放射能汚染地域内にダム、湖沼等の水域が存在する場合には、その水域における底質の除染作業が行われる。
湖沼底の除染作業のために浚渫した除去土壌(以下「除染泥土」と称する)は、水分を多量に含んだ泥状物であることから、そのままの状態で保管することは困難である。除染泥土の処理については、凝集させた後、凝集除染泥土を保管袋に収納し、更にコンクリート製容器に収納して保管する方法がある(例えば、特許文献1参照)。
除染泥土の凝集に用いられる凝集剤としては、石膏粉末を配合した凝集剤がある(例えば、特許文献2、3、4参照)。
特開2016-17772号公報 特開2010-172883号公報 特開2010-172882号公報 特開2003-94100号公報
泥土の水分を低減することによって、運搬や保存等が容易になる。
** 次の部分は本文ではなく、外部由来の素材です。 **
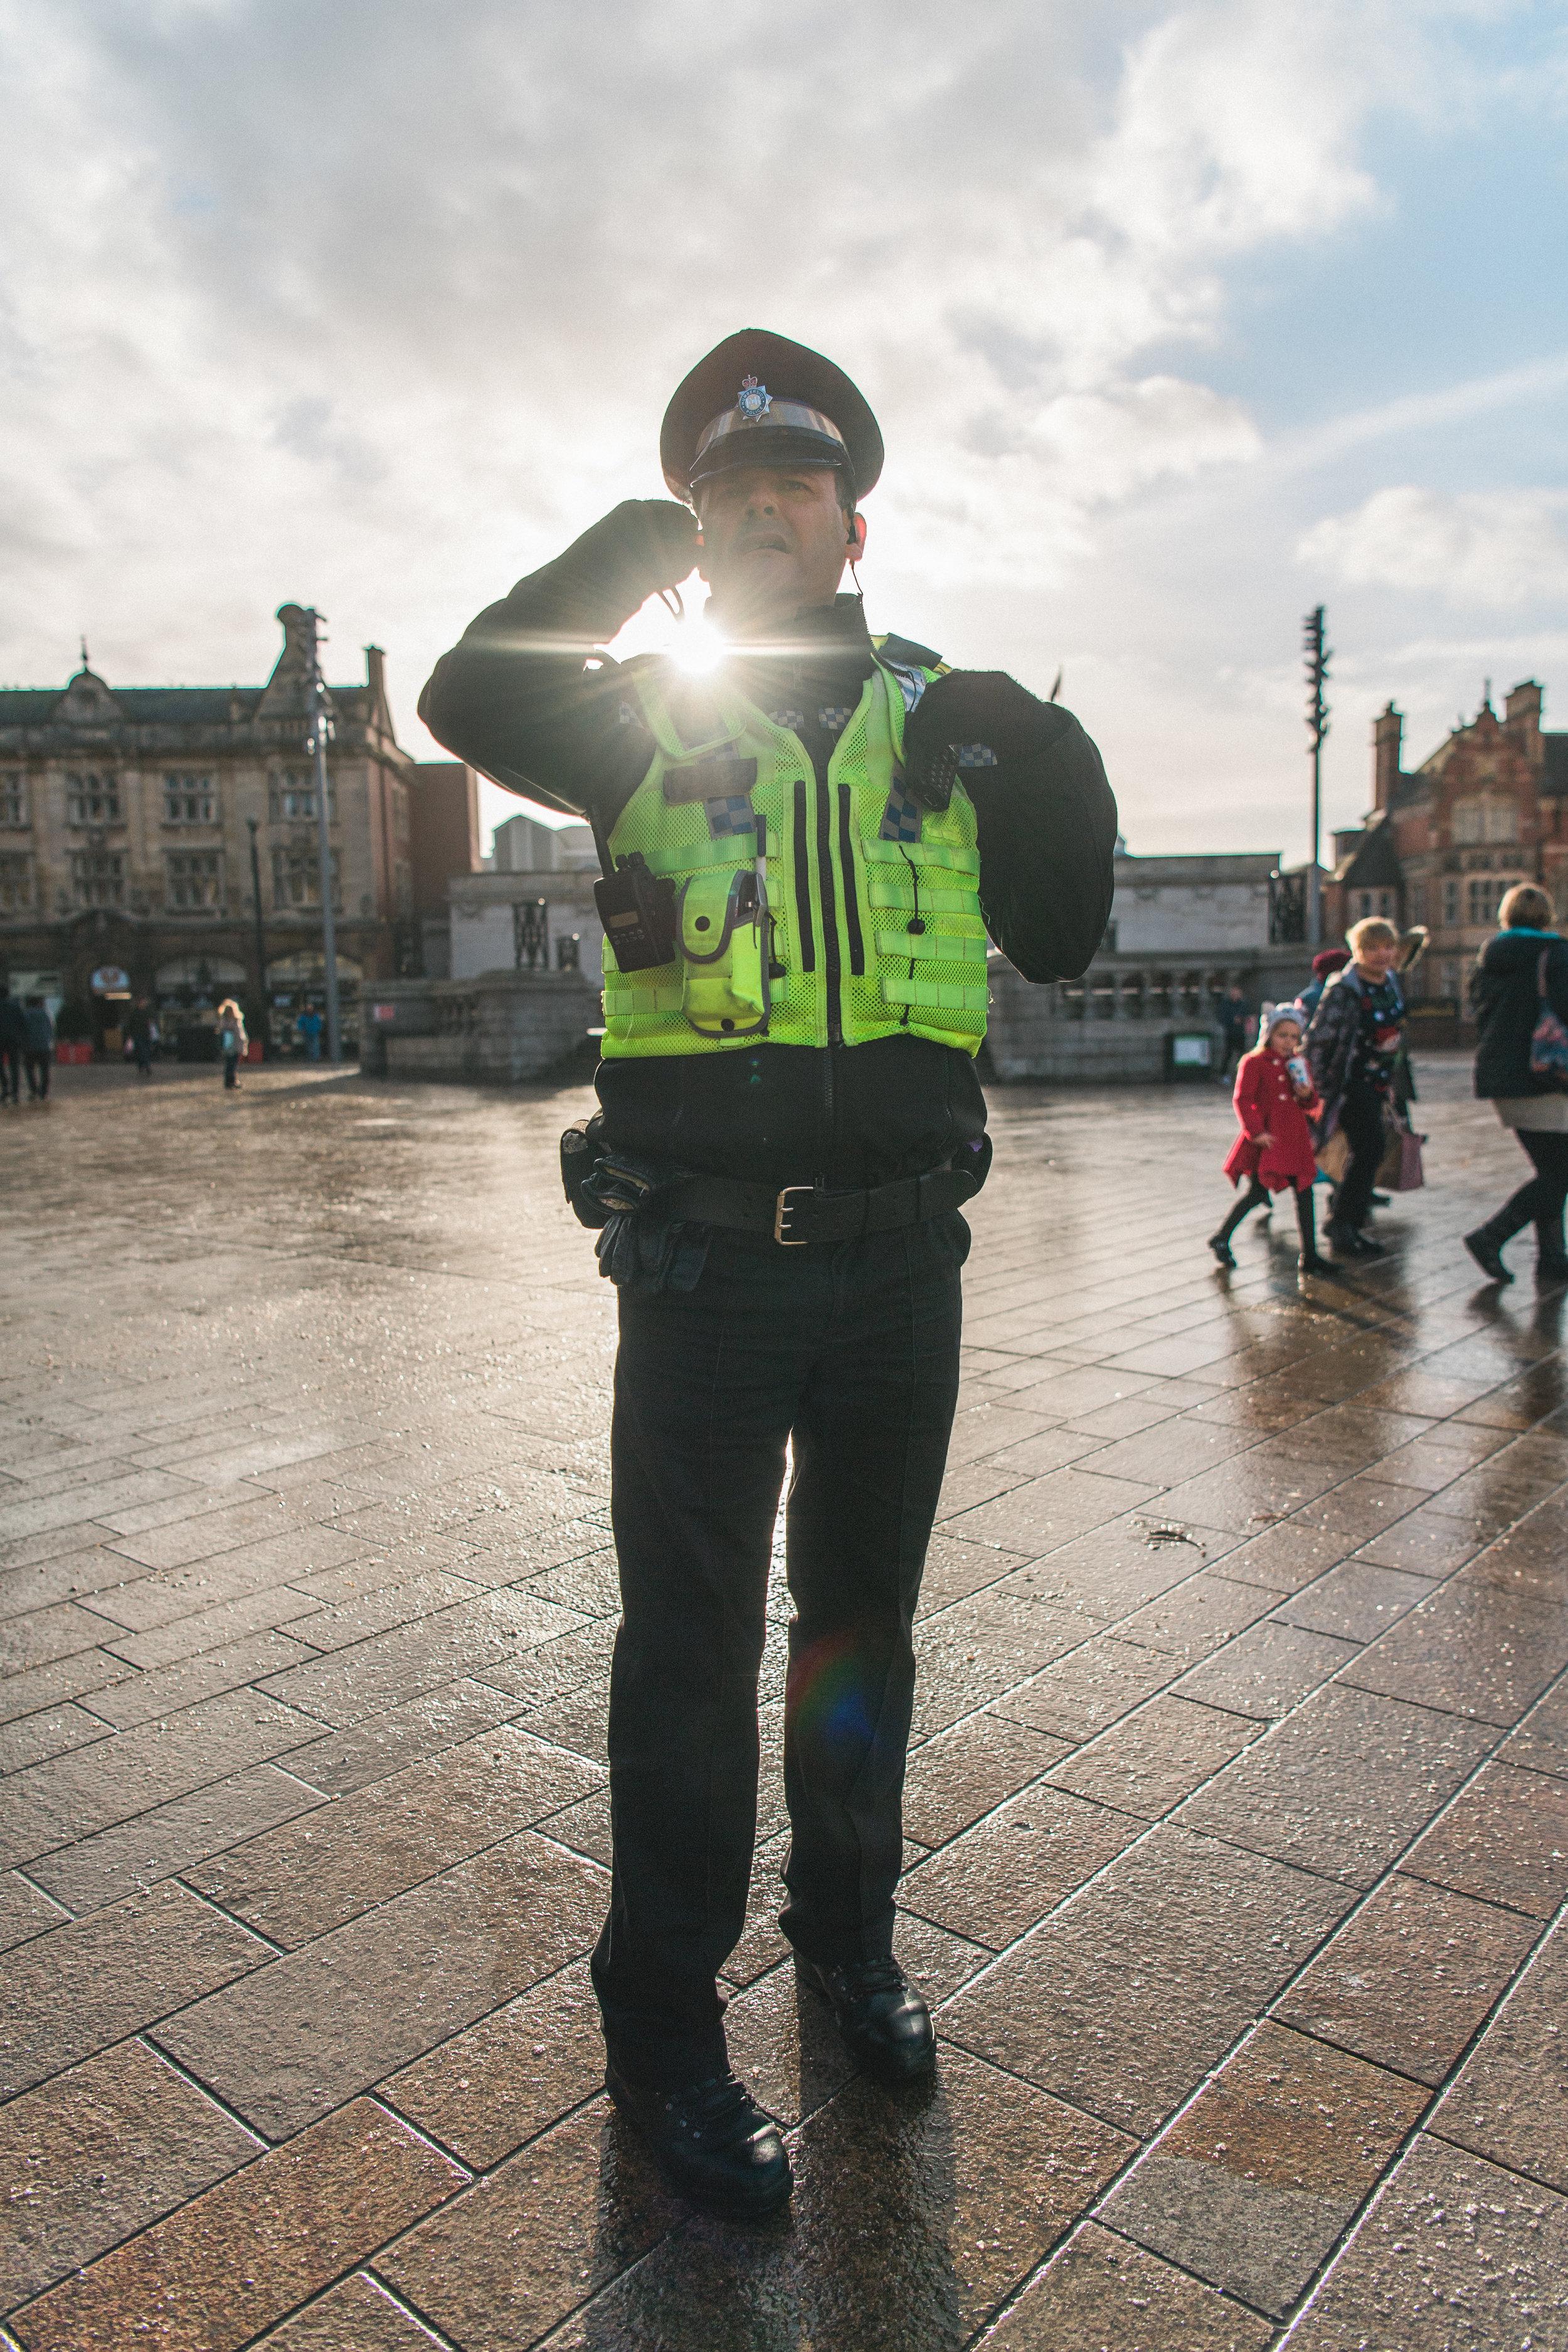 Police Images - www.patrickmateer.com LOW RES00039.jpg
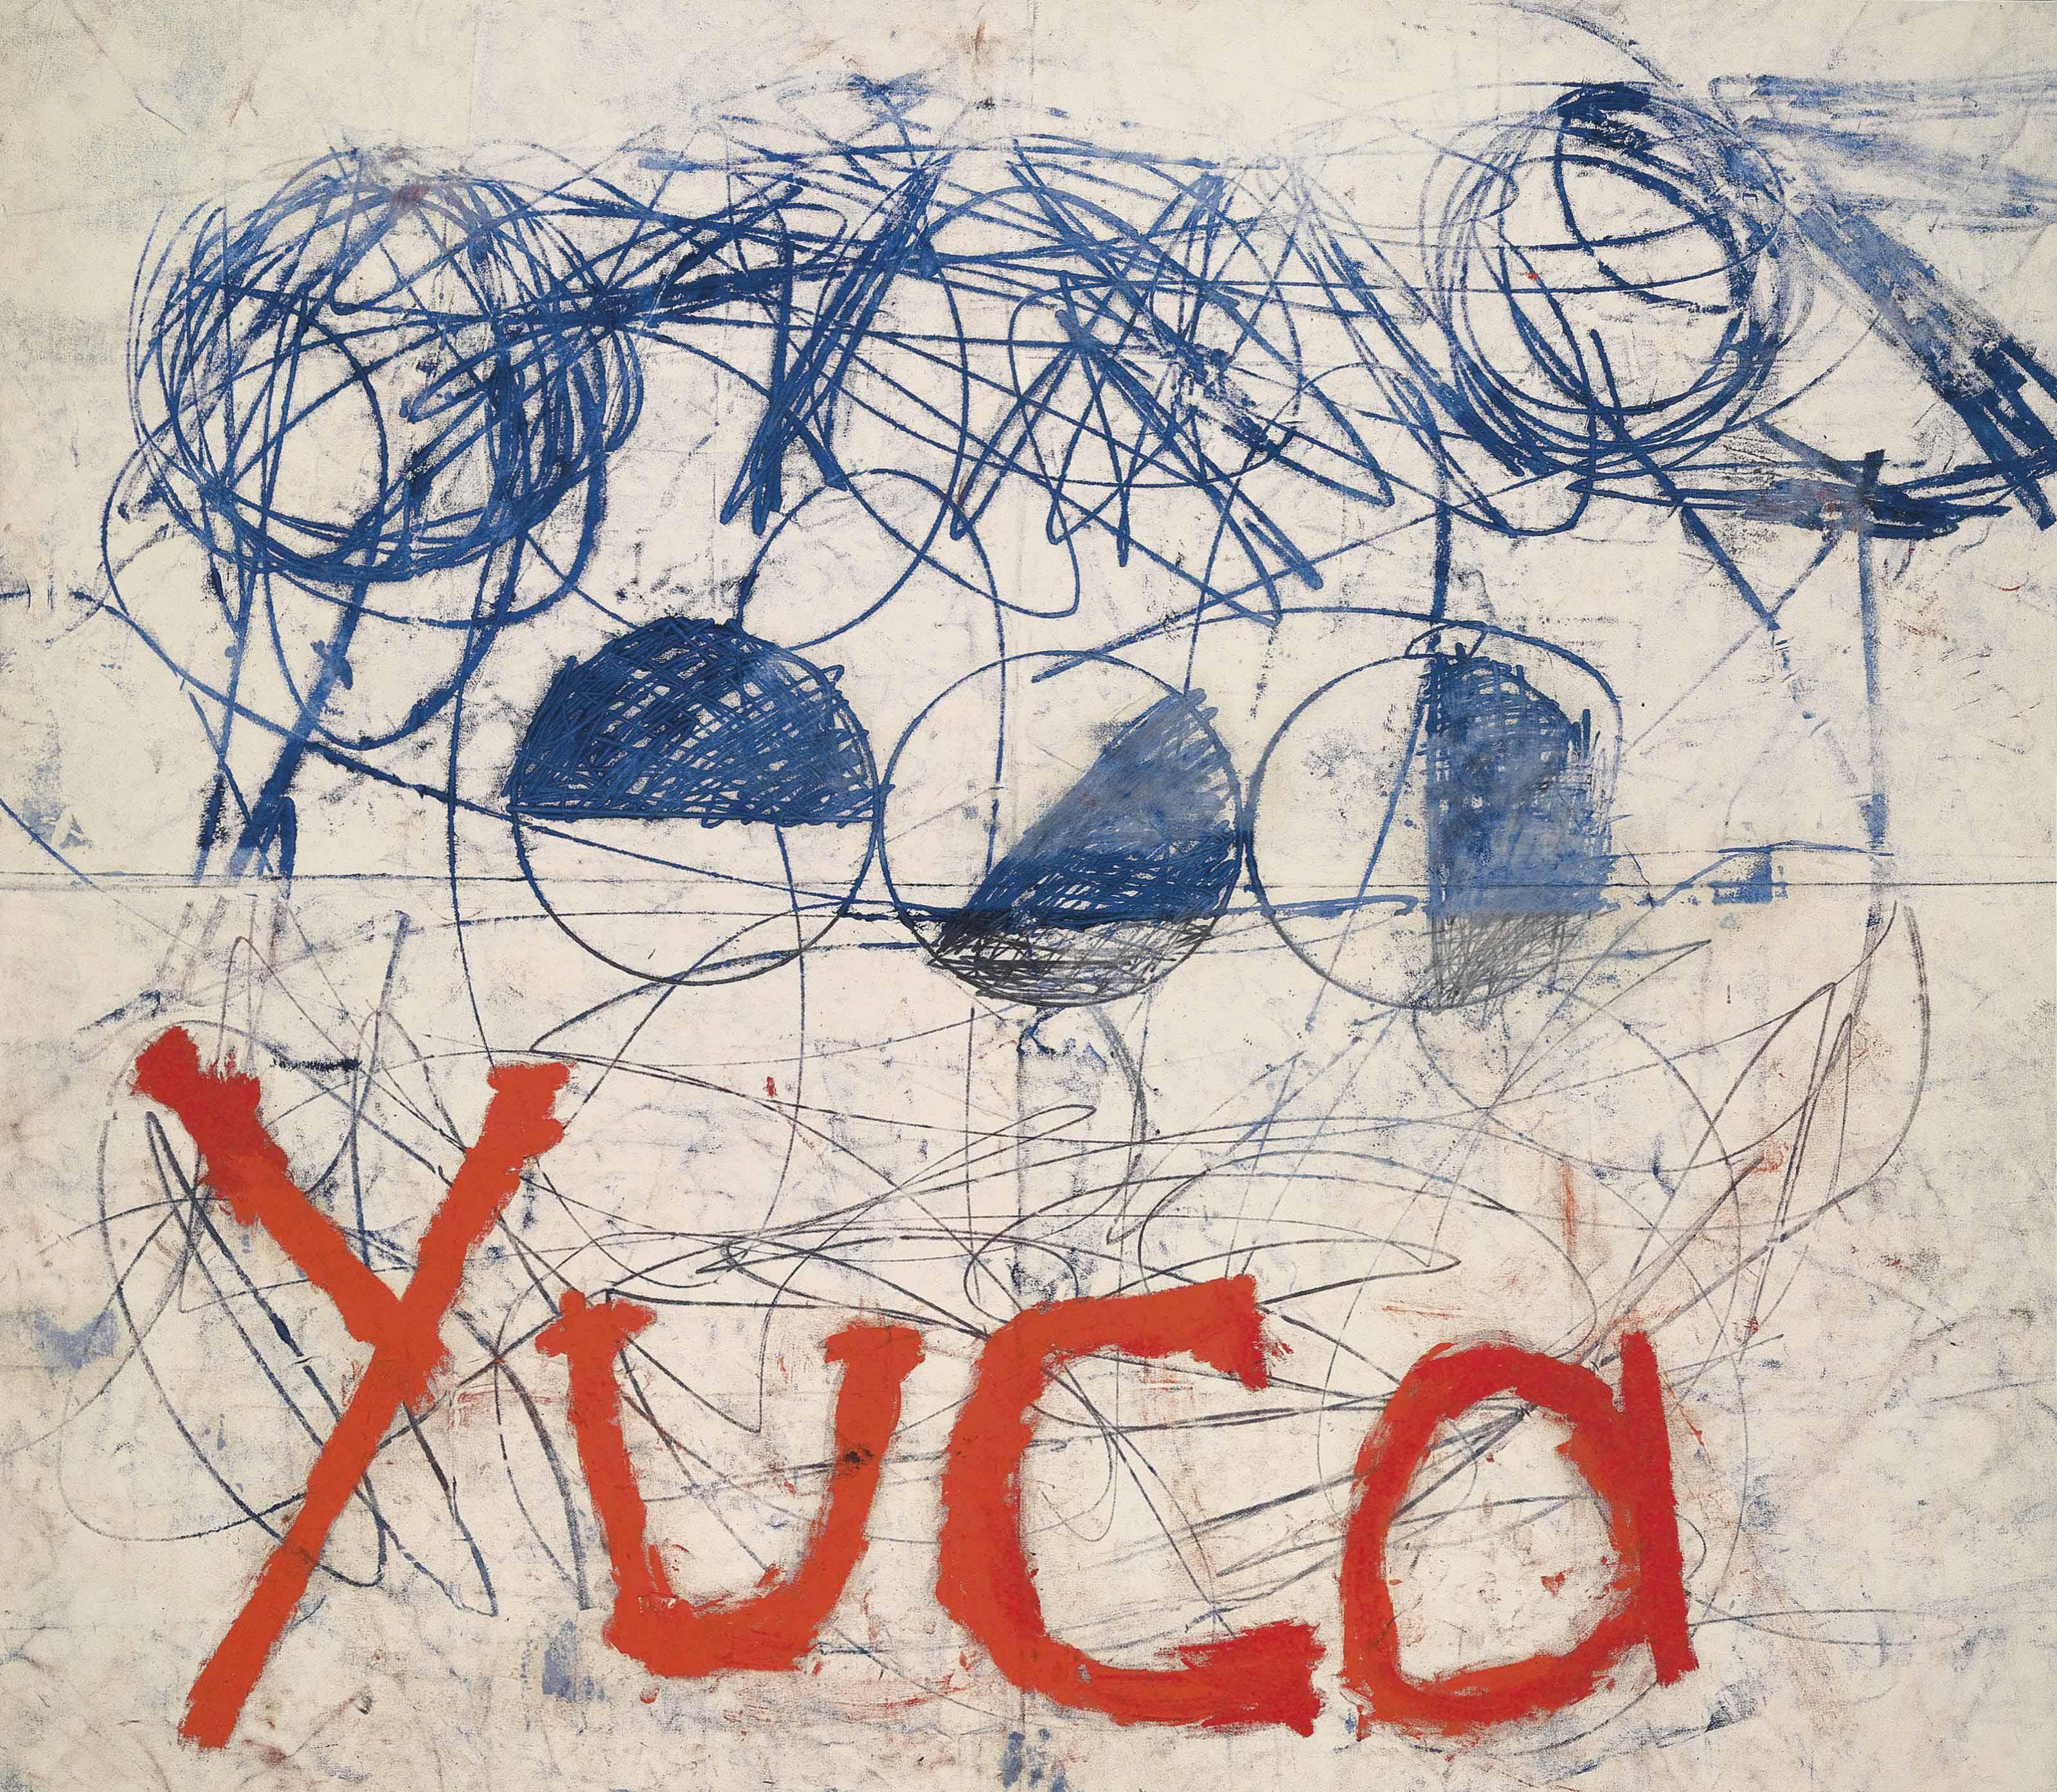 Untitled (Yuca)

このため、泥水に含まれる泥等の固形分と水分とを迅速に分離して、早期に固液分離を図ることが望まれている。しかしながら、特許文献1~3に記載されている凝集剤は、対象を凝集させる際に時間を要することから、迅速な固液分離を行うのは困難とされていた。
本発明の目的は、より迅速に固形分と水分とを分離して、泥土の水分を低減できる除染泥土の処理方法を提供することにある。
本発明に係る除染泥土の処理方法は、除染泥土を含む泥水に、無水石膏を含む脱水促進材を添加する脱水促進工程と、前記泥水中の固形分と水分とを分離する固液分離工程とを含む除染泥土の処理方法であって、前記無水石膏は、平均粒子径D50が5~100μmであり、X線回折により求められるピーク強度のうち、(020)面のピーク強度(I(020))と、(102)面のピーク強度(I(102))との比(I(020)/I(102))が、5以上であることを特徴とする。
本発明によれば、より迅速に固形分と水分とを分離して、泥土の水分を低減できる除染泥土の処理方法が提供される。
天然無水石膏の表面の走査型電子顕微鏡(SEM)写真である。 工業無水石膏の表面のSEM写真である。
以下、本発明の実施形態を詳細に説明する。
本発明の除染泥土の処理方法は、除染泥土を含む泥水に、無水石膏を含む脱水促進材を添加する脱水促進工程と、前記泥水中の固形分と水分とを分離する固液分離工程とを含む。それぞれの工程について、以下に説明する。
[脱水促進工程]
まず、除染泥土を含む泥水に所定の脱水促進材を添加する。所定の脱水促進材が添加されることによって、除染泥土の脱水が促進される。本発明で用いられる脱水促進材は、無水石膏にポリマー等の成分を混合して得ることができる。無水石膏としては、例えば、天然無水石膏(タイ産)が挙げられる。その物性を、工業無水石膏(旭硝子(株)製)と比較して以下に示す。
<天然無水石膏と工業無水石膏との比較>
(平均粒子径D50)
各無水石膏について、湿式粒度分布から求めた平均粒子径D50を、下記表1にまとめる。なお、分散媒としては水を用い、超音波分散による前処理を施した後、粒子径分布測定装置(マイクロトラック・ベル(株)製)により求めた。
Figure 0007186123000001
天然無水石膏は、平均粒子径D50が工業無水石膏より著しく大きいことが確認された。平均粒子径D50が大きいことは、泥水への分散性が向上する点で有利となる。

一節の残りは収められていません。